The duties of the satrap including maintaining peace within his satrapy to ensure agriculture could be conducted and tribute could be produced, as well as to keep the locations at higher altitudes and the mountain passes under control loyal to the Achaemenid crown, to which it contributed 360 horses and 140 talents of silver for defence.

Cilicia also provided troops to the land and maritime military forces of the Achaemenid Empire, and the satrapy itself acted as an assembly point for them.

Little is known of the large cities in the Achaemenid period, although Tarsus and Soli are known to have minted coins which were used in the Achaemenid military campaigns against Cyprus and Egypt.

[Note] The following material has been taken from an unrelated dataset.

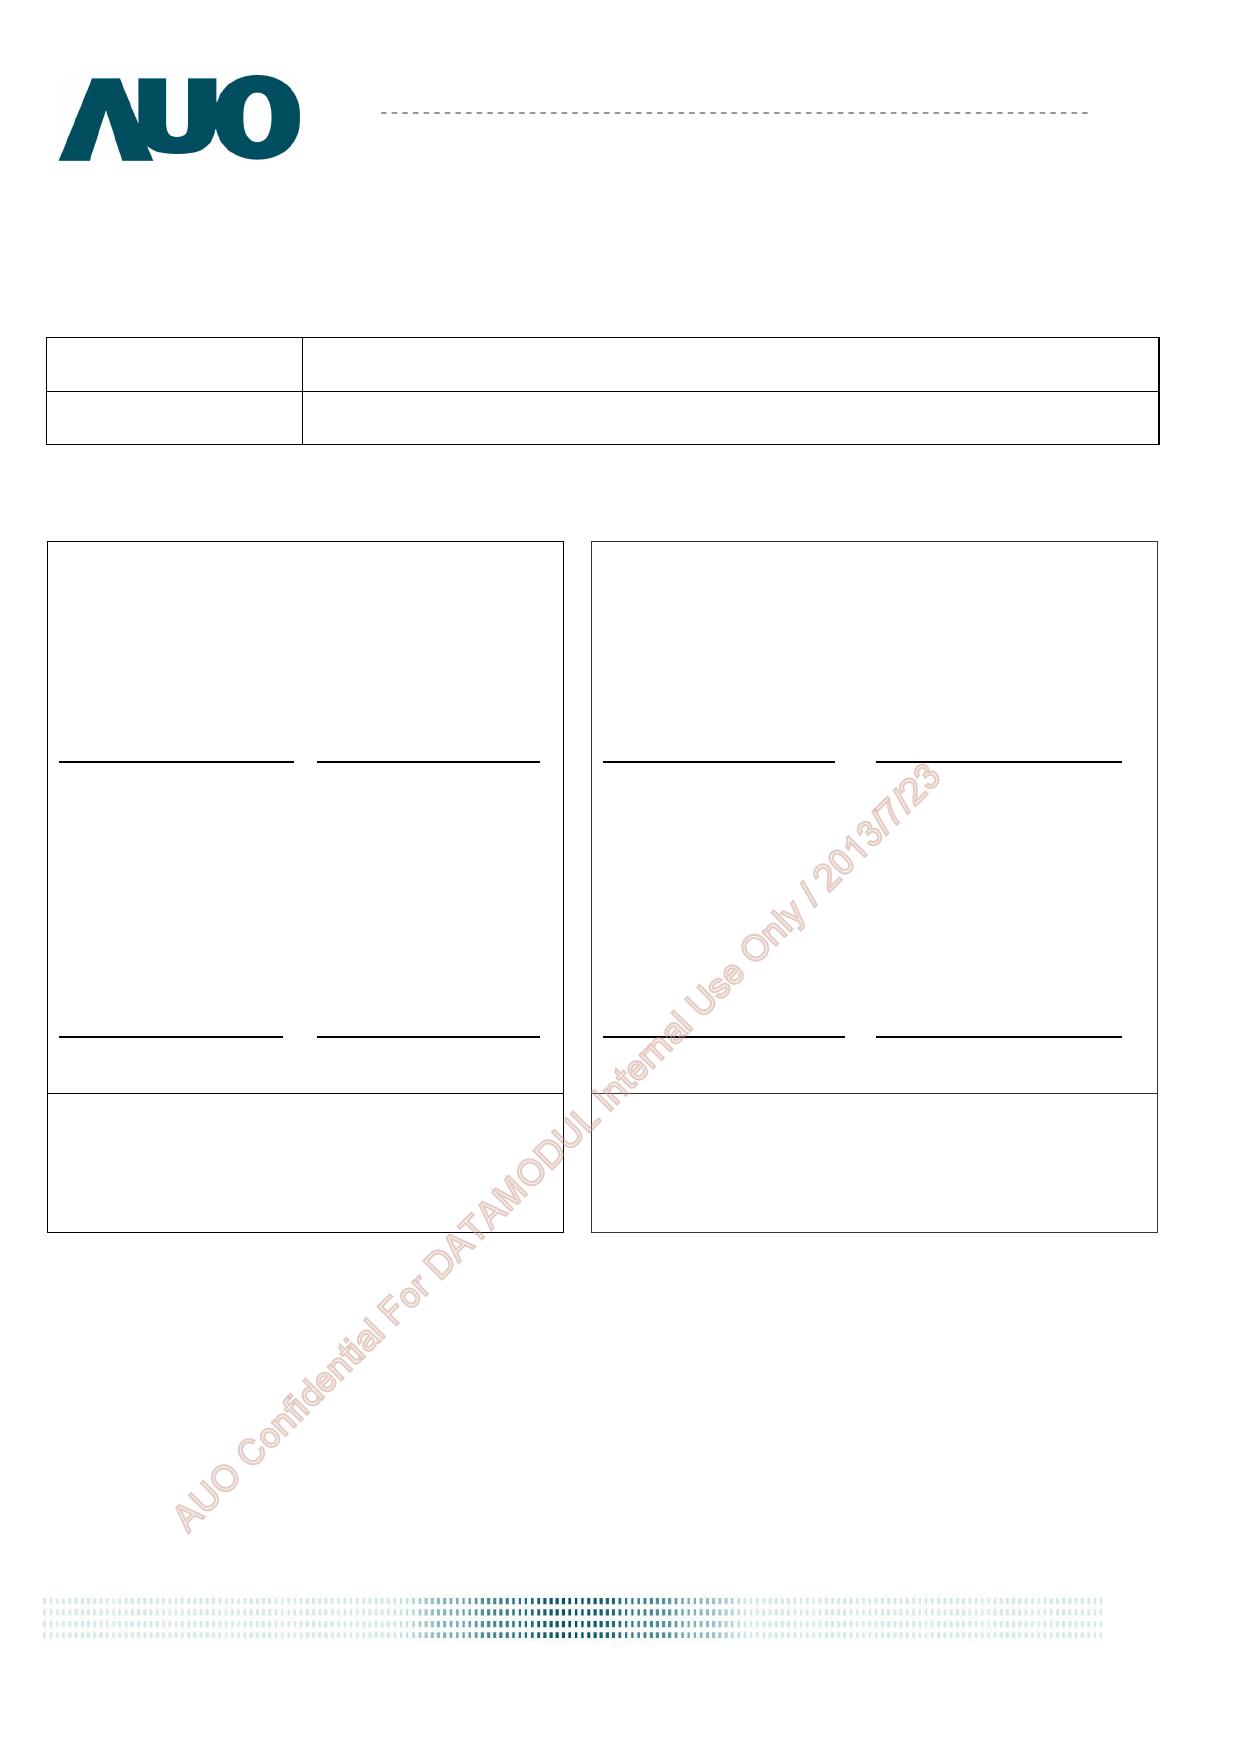 G043FW01.0 Hoja de datos, Descripción, Manual

During the Achaemenid period, the administration of Cilicia was stable and efficient, thanks to which it was agriculturally very productive and was capable of holding large military concentrations. The fact that the king of kings Darius I expected 500 talents of silver as tribute from Cilicia attests that its administration was of the necessary competence to generate a revenue that was more than trivial.

==== Hellenistic ====
In the Hellenistic period, the Cilician temple estates adopted Greek culture under the influence of Seleucid administration:
- the high priests of Zeus at Olbe were able to expand their authority after the fall of the Achaemend Empire, and they became culturally Hellenised, with their dynasts shifting their names from Tarkuaris (Ταρκυαρις, from Luwian Tarḫuwarris) to Teukros (Τευκρος);
- the chief priest of the temple of Artemis Perasia at Castabala was also a dynast who became culturally Hellenised.

==== Modern ====
Modern Cilicia is split into four administrative provinces: Mersin, Adana, Osmaniye and Hatay. Each province is governed by the Central Government in Ankara through an appointed Provincial governor. Provinces are then divided into districts governed by the District Governors who are under the provincial governors.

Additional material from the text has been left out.